→ **Aim of the task**
Please retype the listing below exactly as it stands, skipping any pictures.

→ **Information provided**
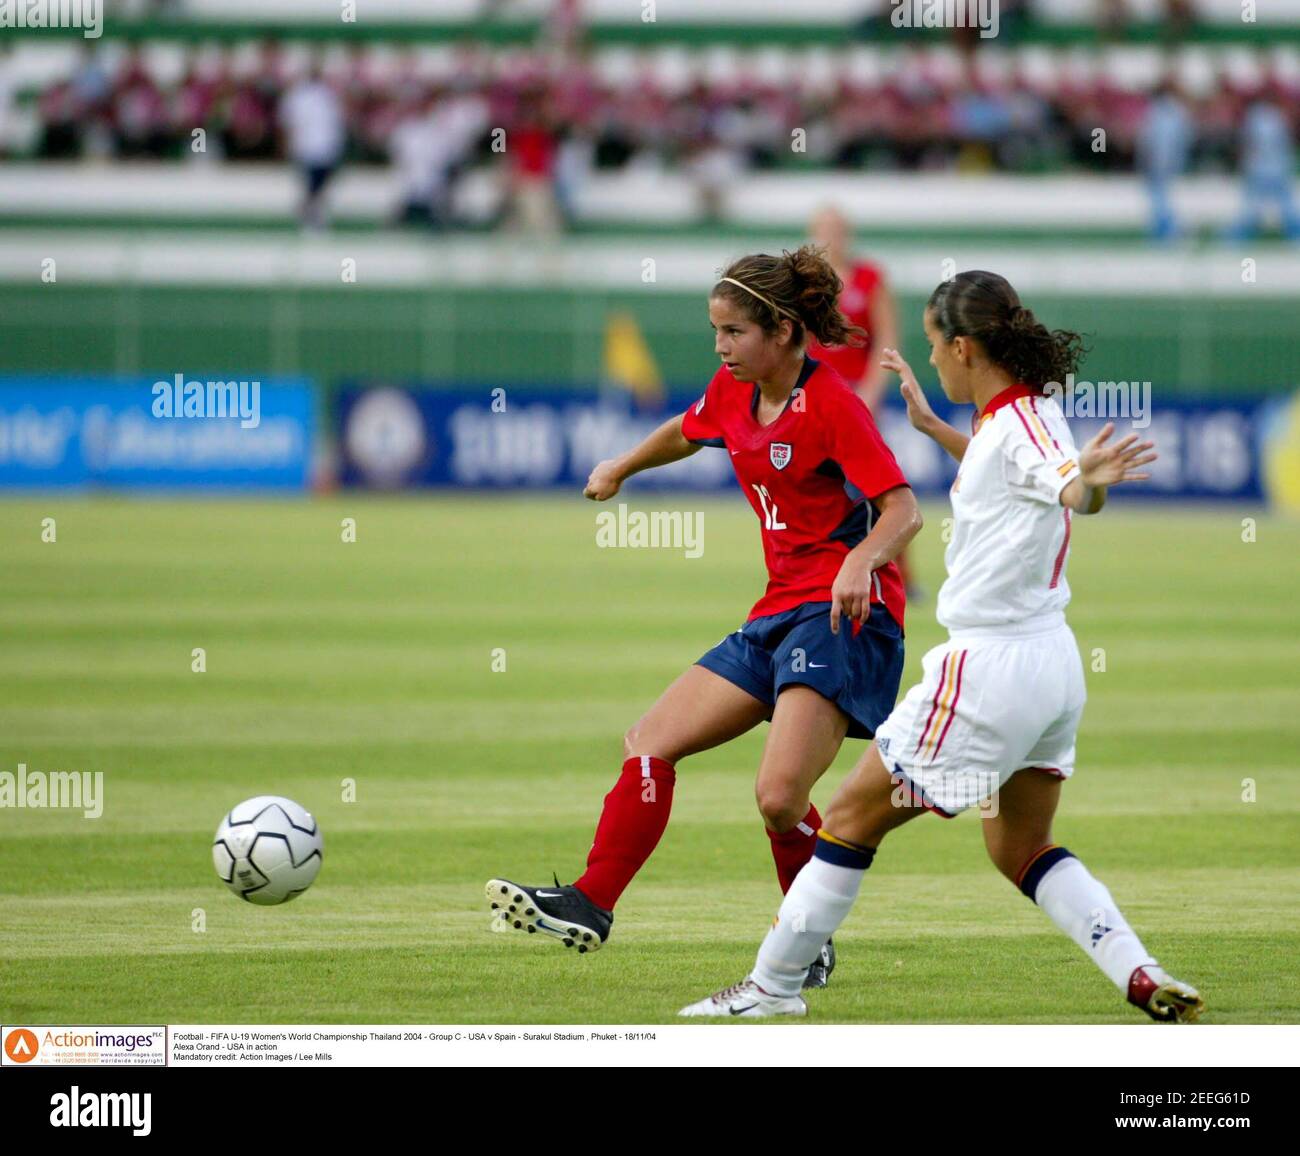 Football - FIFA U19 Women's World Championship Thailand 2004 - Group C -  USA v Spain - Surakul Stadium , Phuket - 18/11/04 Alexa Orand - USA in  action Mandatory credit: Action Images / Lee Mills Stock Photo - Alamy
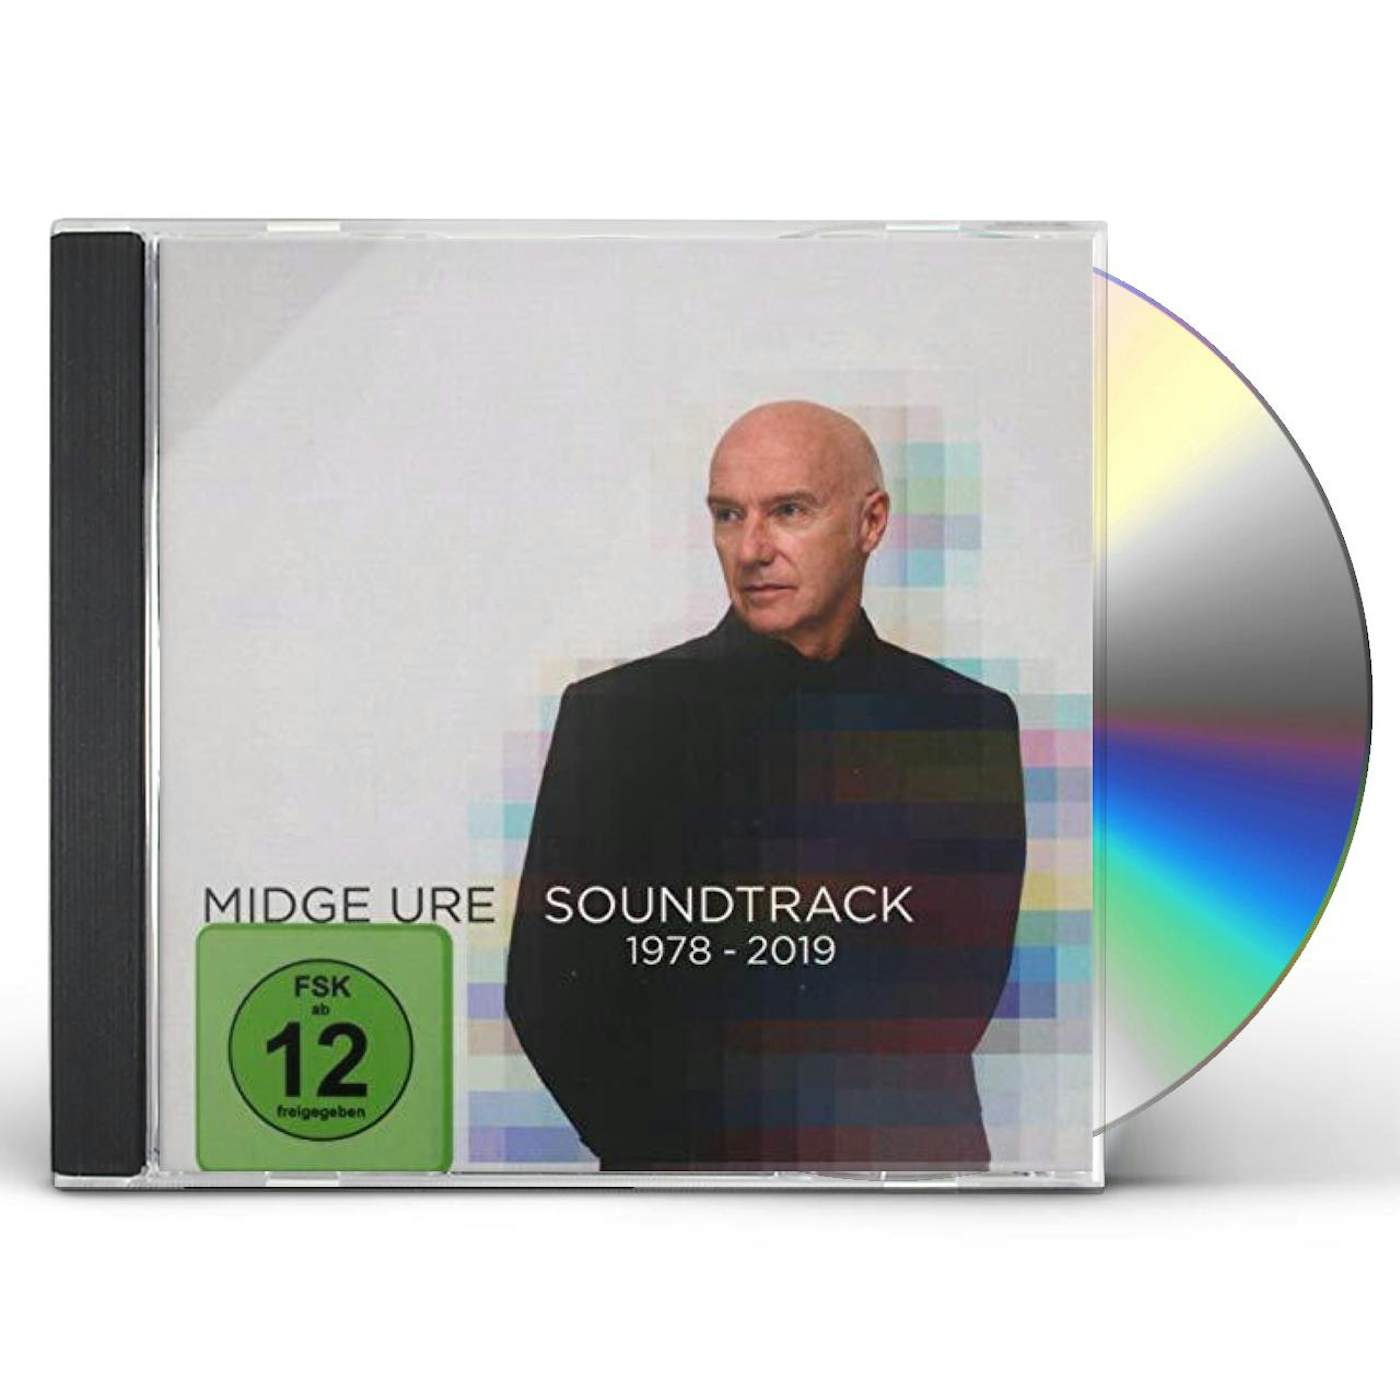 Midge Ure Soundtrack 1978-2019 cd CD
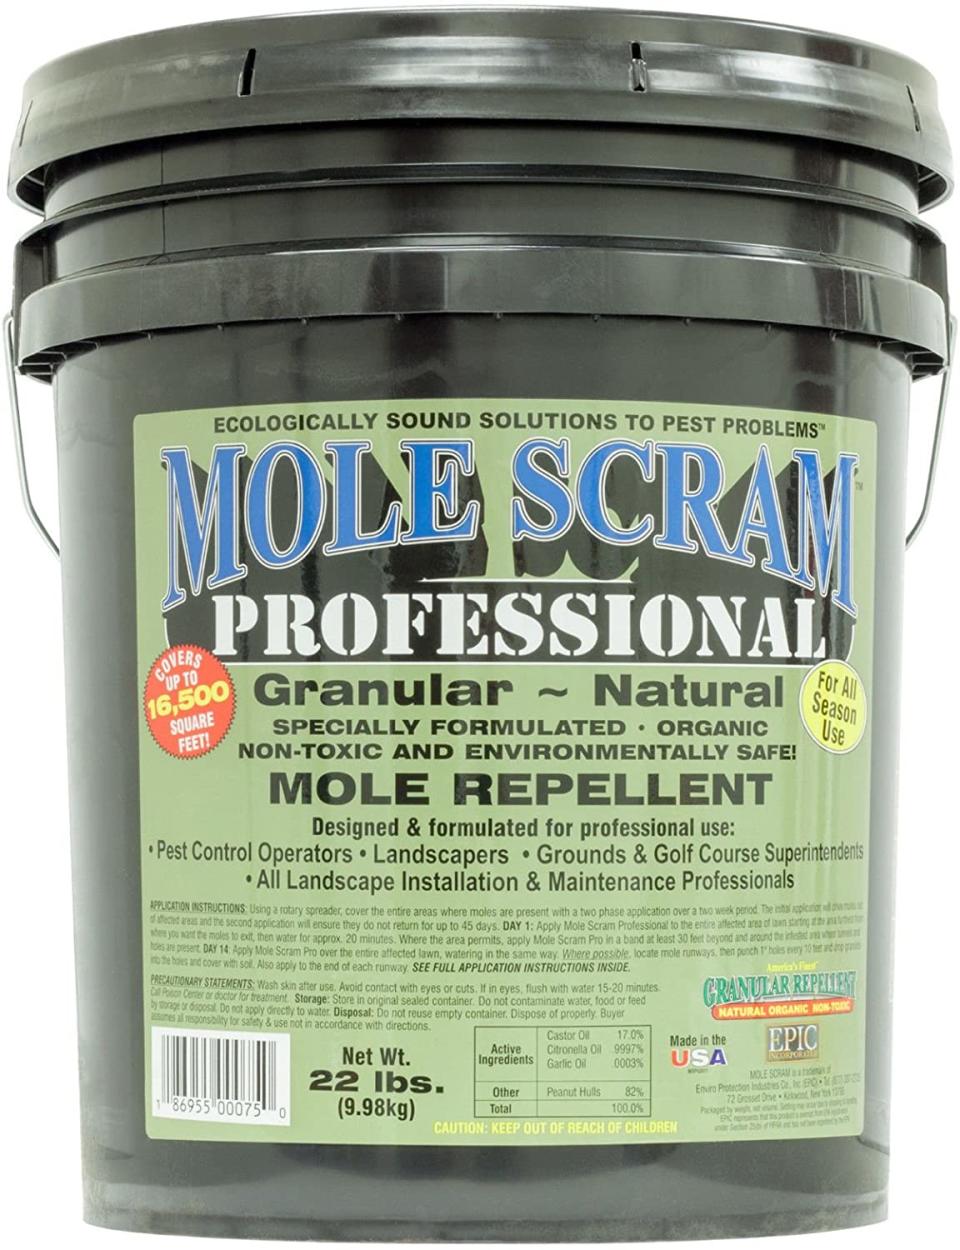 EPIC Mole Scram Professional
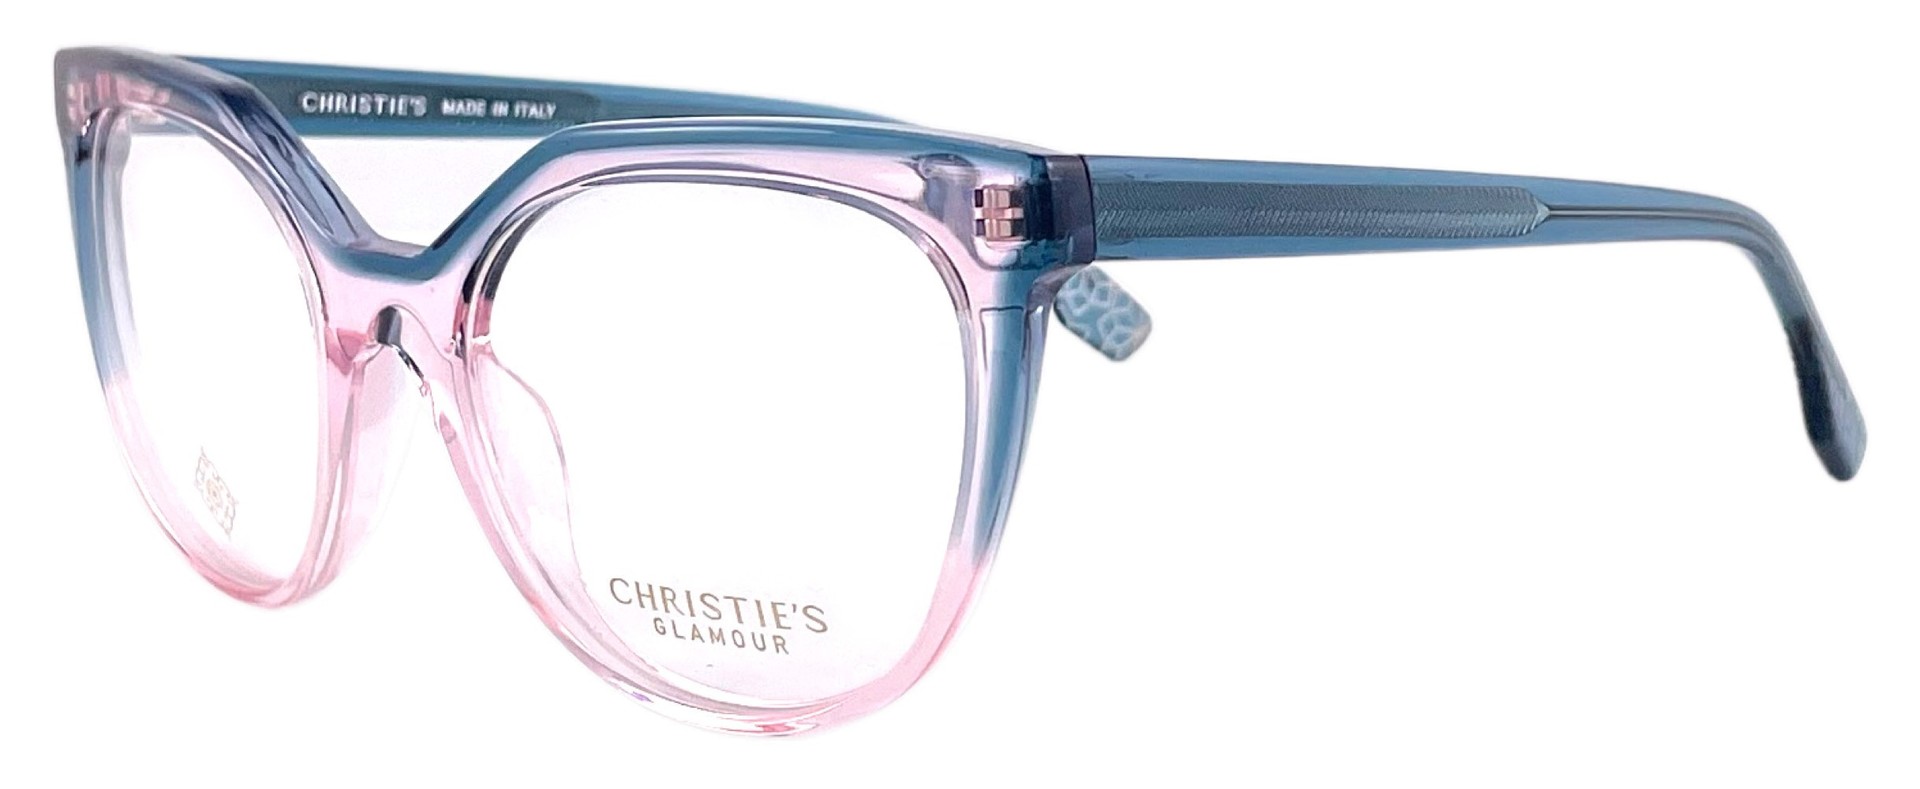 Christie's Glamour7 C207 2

→ **Result**
 Football - FIFA U19 Women's World Championship Thailand 2004 - Group C -  USA v Spain - Surakul Stadium , Phuket - 18/11/04 Alexa Orand - USA in  action Mandatory credit: Action Images / Lee Mills Stock Photo - Alamy
 Midge Ure Soundtrack 1978-2019 cd CD
 EPIC Mole Scram Professional
 Christie's Glamour7 C207 2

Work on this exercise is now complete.